Isto suscita inevitavelmente uma pergunta: não será que o serviço entusiasmado, total, incondicional à instituição da Igreja católica não lhe impedia de ver o mundo na sua realidade ? Não aconteceria isso também às vezes com os religiosos? A instituição não esconderia o mundo para o qual tinha sido enviada?
Quando dom Helder descobriu a pobreza nas favelas do Rio, a sua vida mudou completamente. Começou a orientar toda a sua ação pastoral para os pobres de Rio de Janeiro. Quando chegou ao Recife, logo deu a a entender que os pobres seriam a sua prioridade e imediatamente promoveu obras e atividades no mundo dos pobres, por exemplo o Encontro de irmãos que foi a expressão recifense da comunidades eclesiais de base.Escolheu um modo de vida mais pobre e deixou as portas mais abertas para os verdadeiros pobres. Não se contentou com frases bonitas.
No dia em que tomou posse no Recife, abriu as portas do chamado palácio dos Manguinhos que era a residência oficial dos arcebispos e que ele logo abandonou, para todos os pobres da cidade. Multidões invadiram a casa, até o ponto de um velho se sentar no trono pontifício, esse trono que ele naturalmente nunca usou., Era um sinal.
Dom Helder chegou ao Recife e tomou posse poucos dias depois do golpe. A repressão foi muito forte no Recife considerado pelos militares como o centro comunista mais perigoso do país com a proteção do governador Miguel Arraes. Logo o dom teve que enfrentar o problema da repressão e teve que assumir a defesa das vítimas do golpe. Não fez de conta que não sabia de nada, mas assumiu a denuncia das violências cometidas pelo governo militar. Naquele momento os pobres eram também as vítimas da repressão e dom Helder no dia da posse declarou que seria o bispo de todos, isto é, também dos chamados subversivos.
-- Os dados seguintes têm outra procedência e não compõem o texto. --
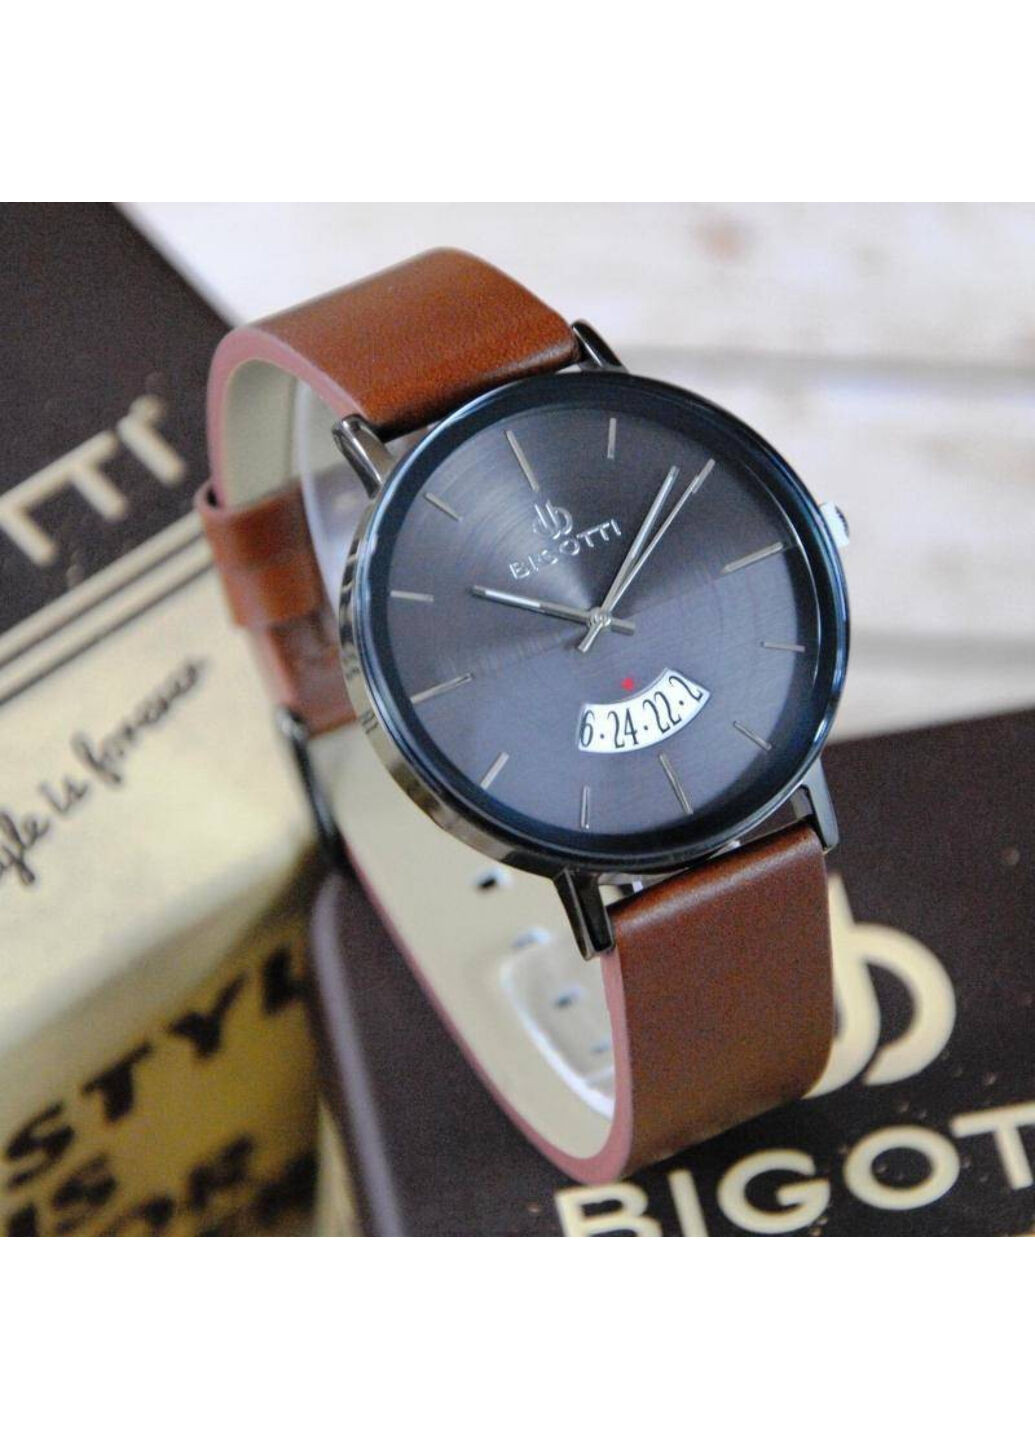 Часы наручные Bigotti bgt0176-3 (250237808)

Quando dom Helder começou a estar ao lado dos pobres, começaram as perseguições. Uma Igreja que se preocupa com as classes dirigentes nunca será perseguida. Quando faz opção pelos pobres a perseguição é inevitável. De acordo com os evangelhos, a perseguição é parte da missão dos discípulos. Jesus foi muito claro.
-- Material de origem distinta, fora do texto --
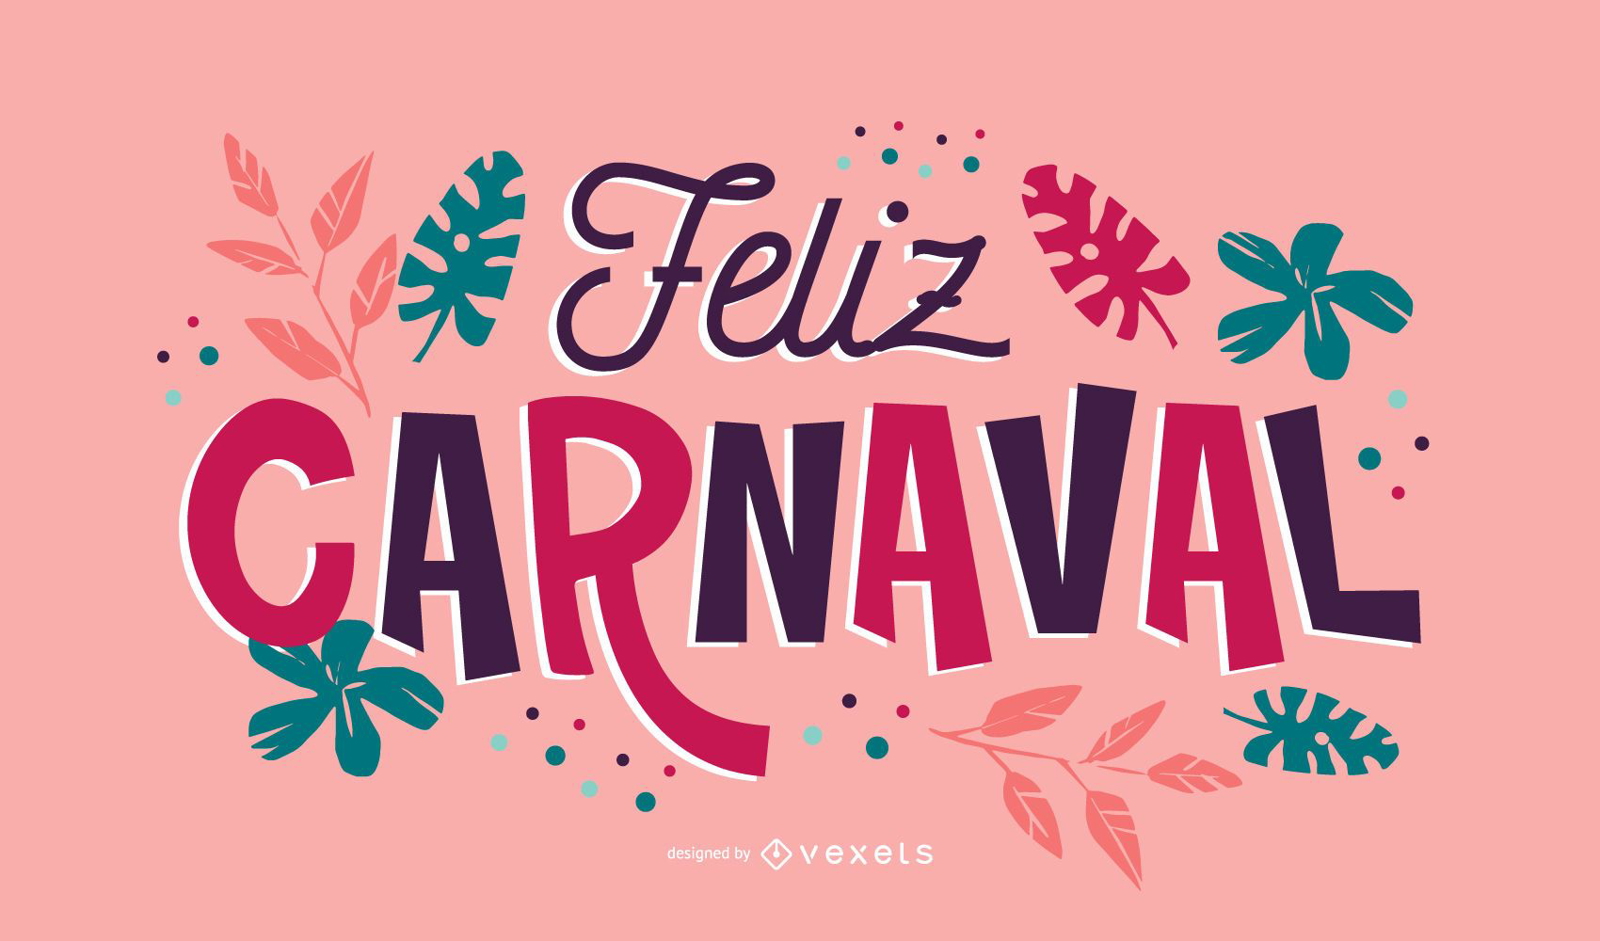 Carnival Spanish Quote Design

Na perseguição, dom Helder sofreu muito, sobretudo quando as vítimas dessa perseguição eram colaboradores seus. Sofreu muito com o assassinato de padre Henrique morto aos 28 anos de idade. Sabia que era um recado para ele. Prenderam sacerdotes e leigos. Sofreu mas não se deixou intimidar. Foi ameaçado muitas vezes, mas nada mudou o seu comportamento.
Por natureza era homem de paz e de conciliação. Fundou movimentos pela paz. Mas foi atacado, denunciado, perseguido como homem defensor da violência política. Não ficou calado. Suportou o peso das mentiras, das falsas acusações. Sofreu tudo sem rancor, sem amargura. Mas era de caráter muito sensível , como verdadeiro nordestino e não deixava de sofrer.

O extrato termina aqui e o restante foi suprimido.